Records for the task:
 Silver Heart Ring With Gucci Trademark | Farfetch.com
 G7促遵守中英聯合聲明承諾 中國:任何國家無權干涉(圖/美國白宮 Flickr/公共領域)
==
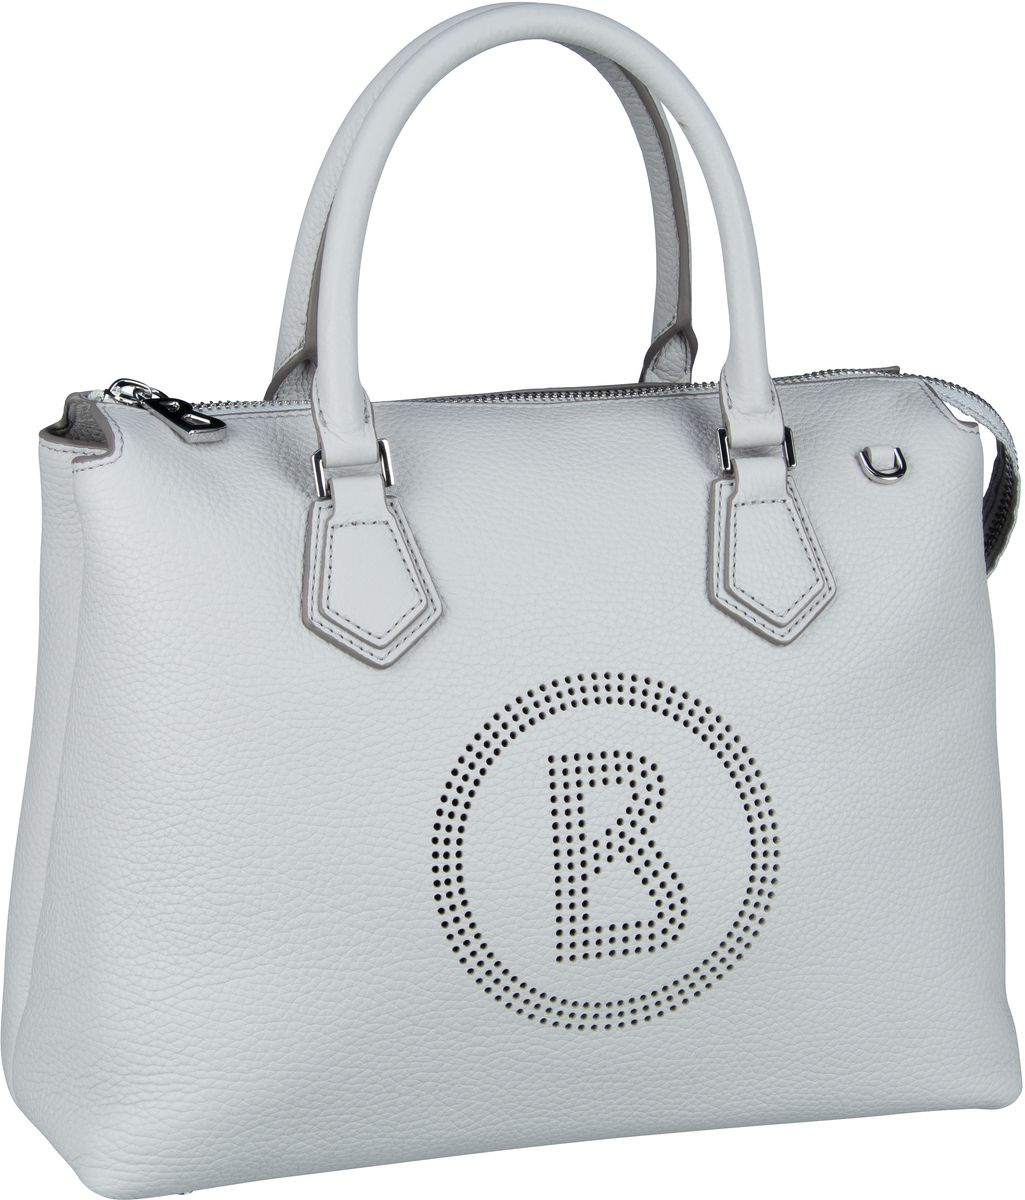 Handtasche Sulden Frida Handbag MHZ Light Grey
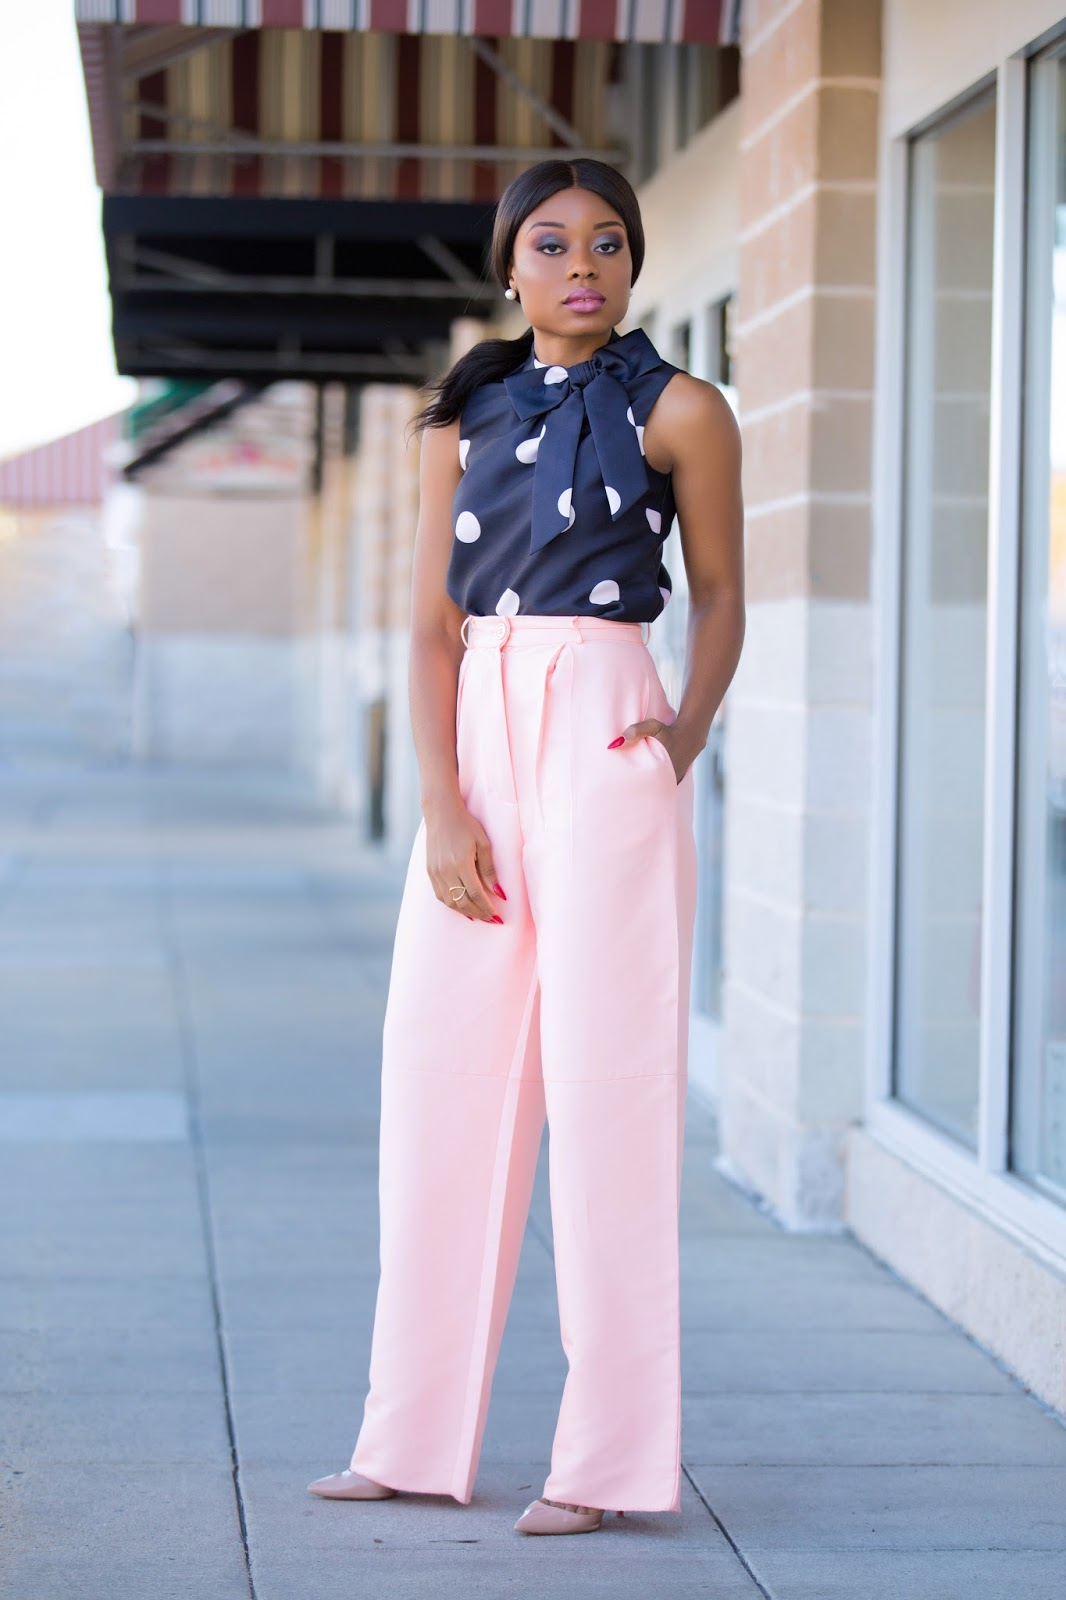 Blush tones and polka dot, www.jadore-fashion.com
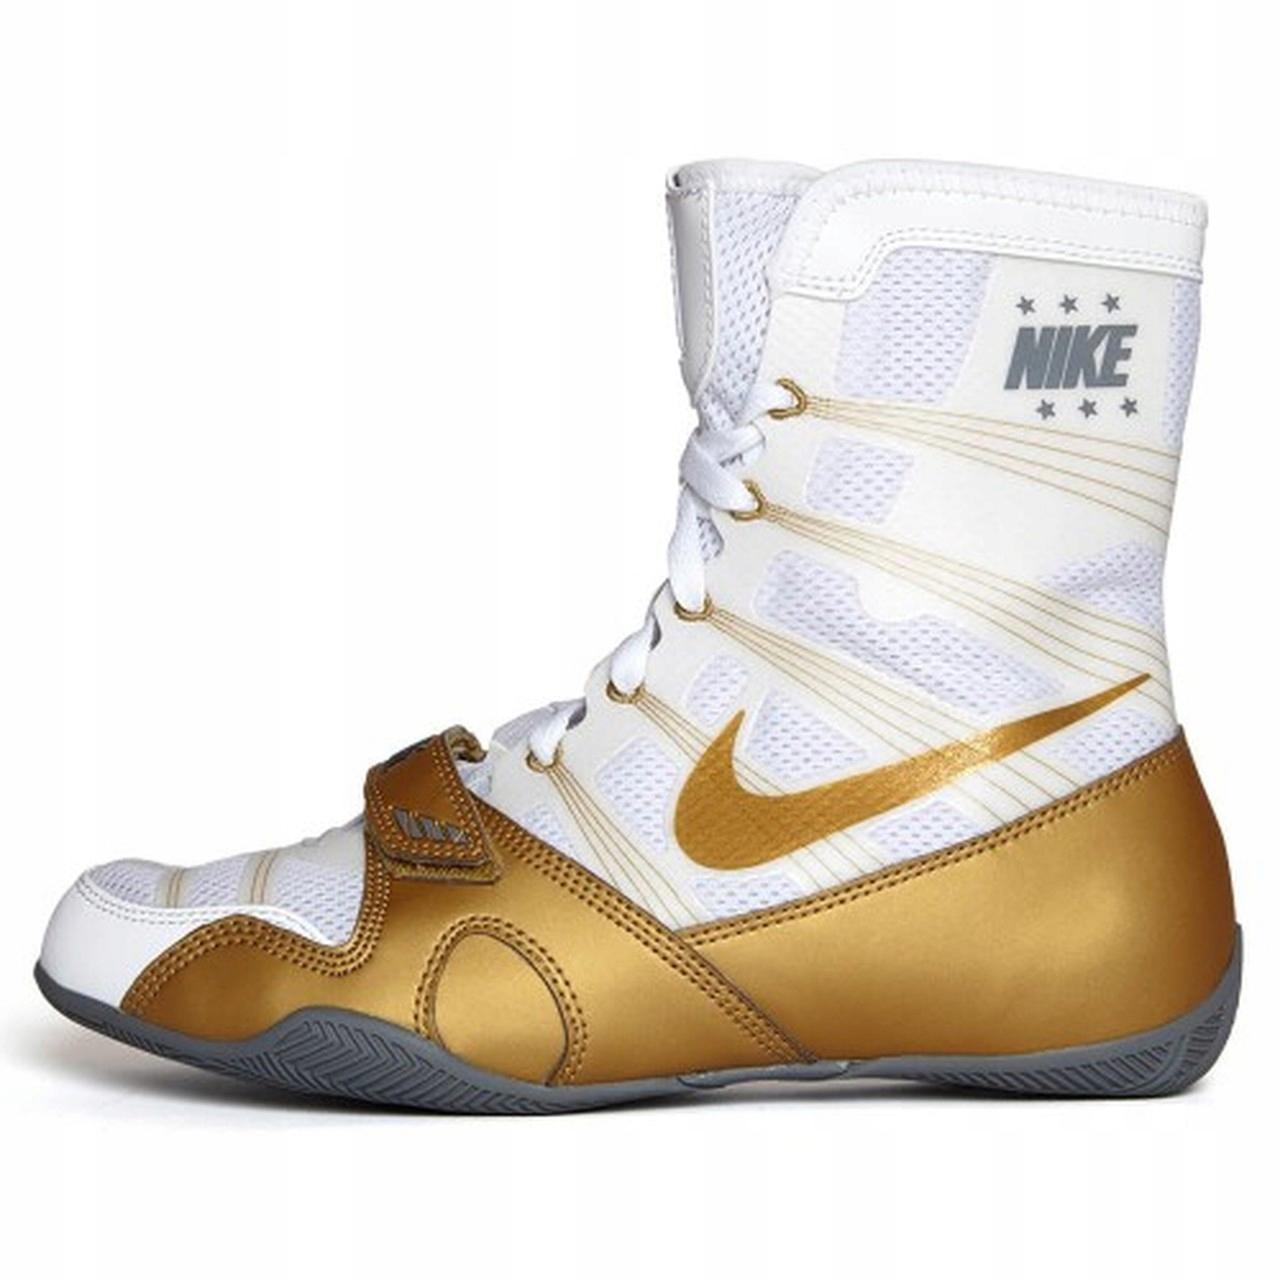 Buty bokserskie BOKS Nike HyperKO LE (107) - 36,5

Exercise: Text only, no pictures: please print exactly the lines above from the line with "Blush tones and" up to and including the line with "Buty bokserskie BOKS", and nothing else.

Solution to the exercise:
 Blush tones and polka dot, www.jadore-fashion.com
 Buty bokserskie BOKS Nike HyperKO LE (107) - 36,5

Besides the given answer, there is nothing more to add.